There are a lot of different approaches that you could take. While the commenters are right, coming up with a distance metric is important, based on my own experience, finding good representations of your words/phrases is going to be significantly more important.
Most of the "semantic" clustering algorithms that immediately come to mind are document level, not word or phrase level. This would include things like the closely related LSA, PLSA, and LDA, or neural network based approaches such as Semantic Hashing. This list is by no means exhaustive, any unsupervised machine learning approach to topic modeling could probably be thought of as doing document level semantic clustering.
I'm not sure how well the above approaches would work at the phrase level. I'm not going to say they won't, but I suspect the performance would be quite poor, since you are going to have a bunch of really (really!) sparse term vectors.

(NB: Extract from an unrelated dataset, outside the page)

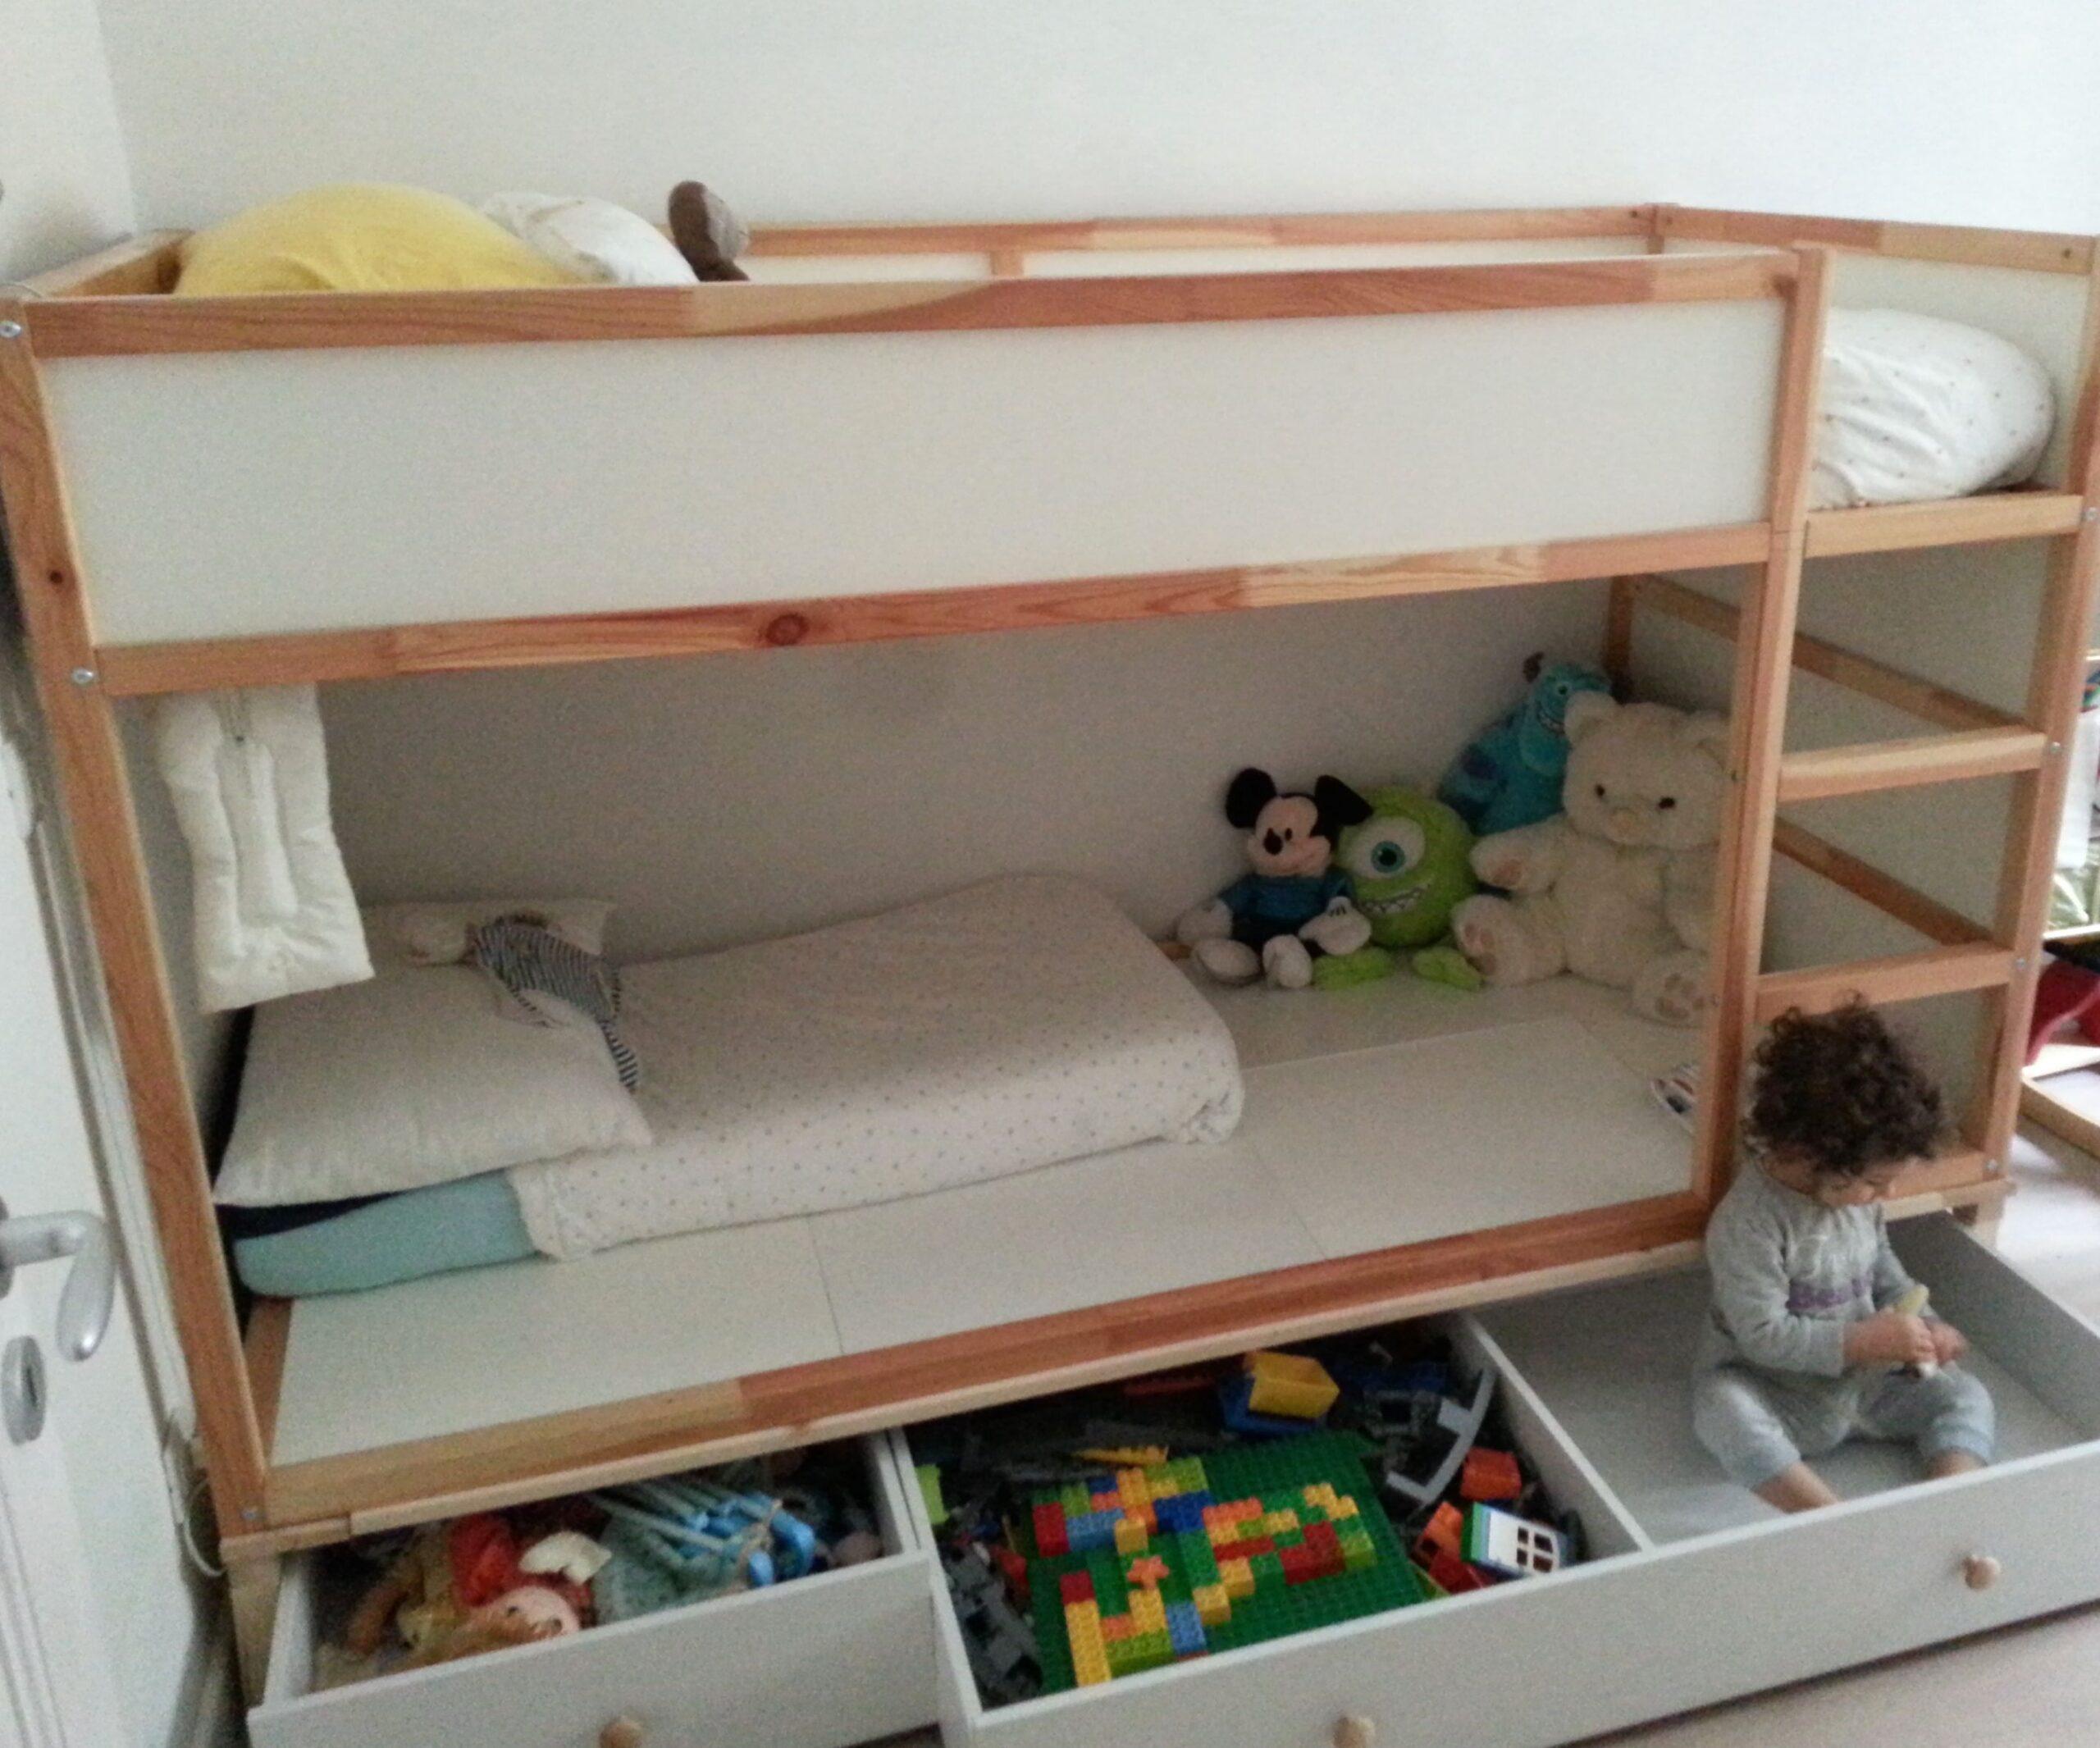 Full Size of Kura Bed Hack Storage Ikea Double Floor Montessori Drawers Bunk Instructions My For Two Gyerekszoba Wohnzimmer Kura Hack
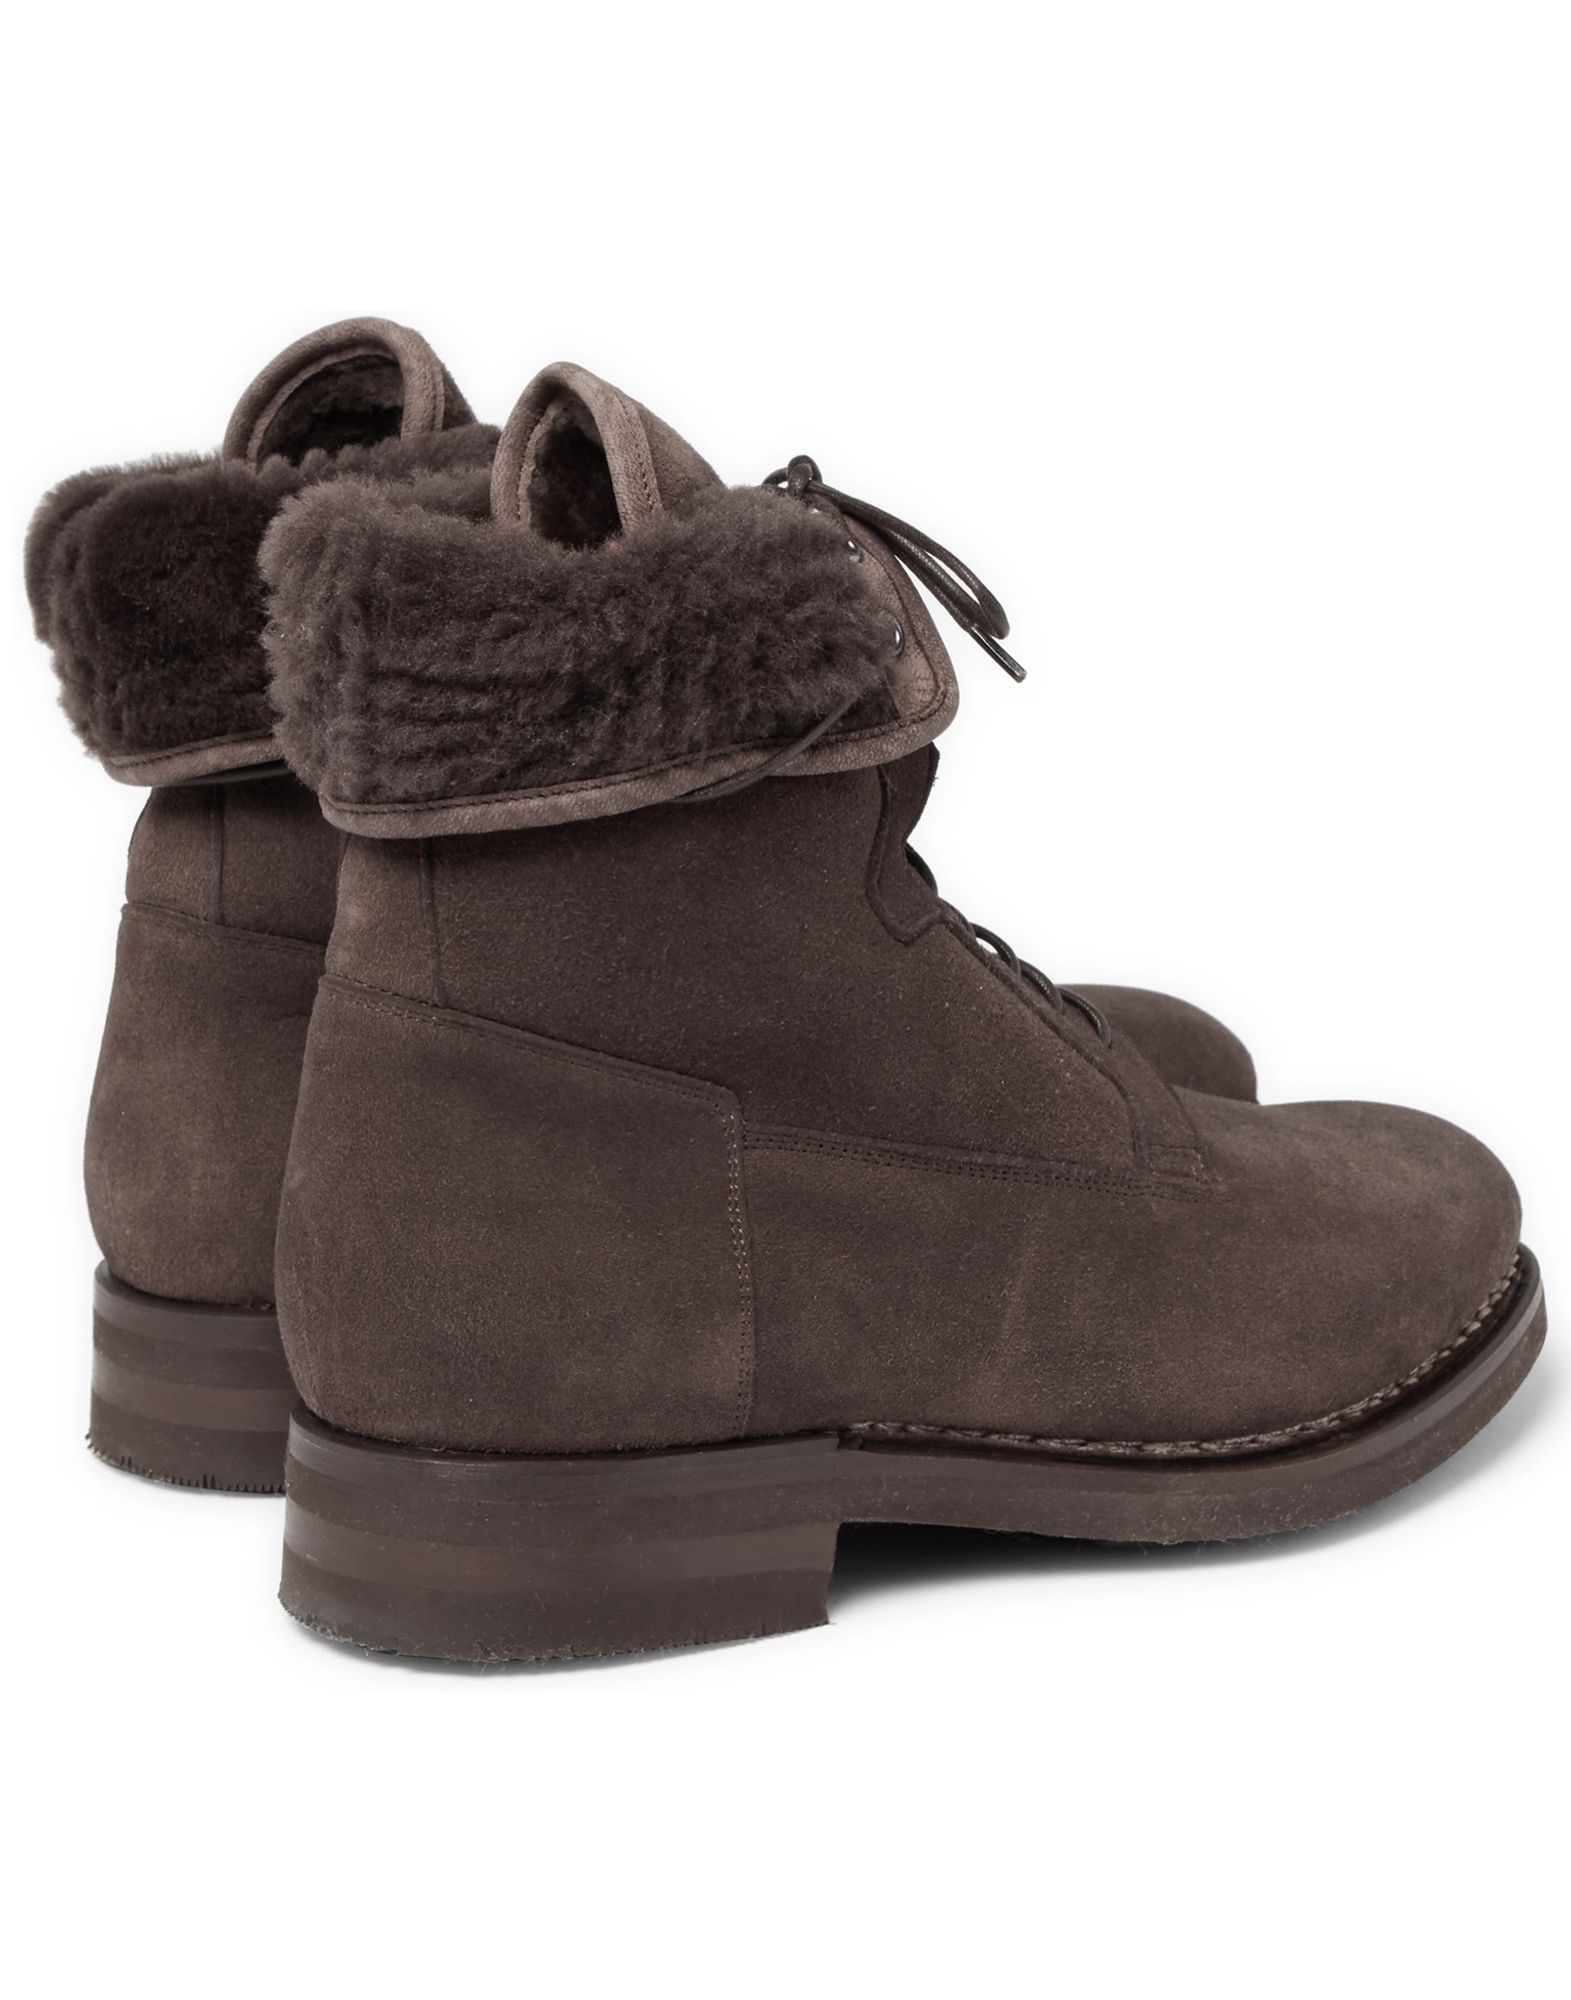 Santoni Boots - - - Men Santoni Boots online on  Australia - 11540735KB d5bd21

At the phrase level there are several techniques that seem promising. Simple techniques, such as just clustering n-grams are unlikely to yield useful results, so we'll rule that out right off the bat. A significantly better option would be to use learned word/phrase embeddings and then run some standard clustering algorithm (such as k-means) over these. Collobert and Weston have done some really interesting work in this vein. Their paper A Unified Architecture for Natural Language Processing: Deep Neural Networks with Multitask Learning or the related work Word representations: A simple and general method for semi-supervised learning by Turian et al would be a good place to start. Turian has a number of different word embeddings available on his website for download here, which may allow you to sidestep the overhead involved in learning such embeddings yourself.
Another option is to hand engineer features or a distance metric using a resource such as Wordnet. This certainly seems like a reasonable approach and a google search for "wordnet semantic distance" yields numerous results. I can't point you in any particular direction here though. Hope this helps.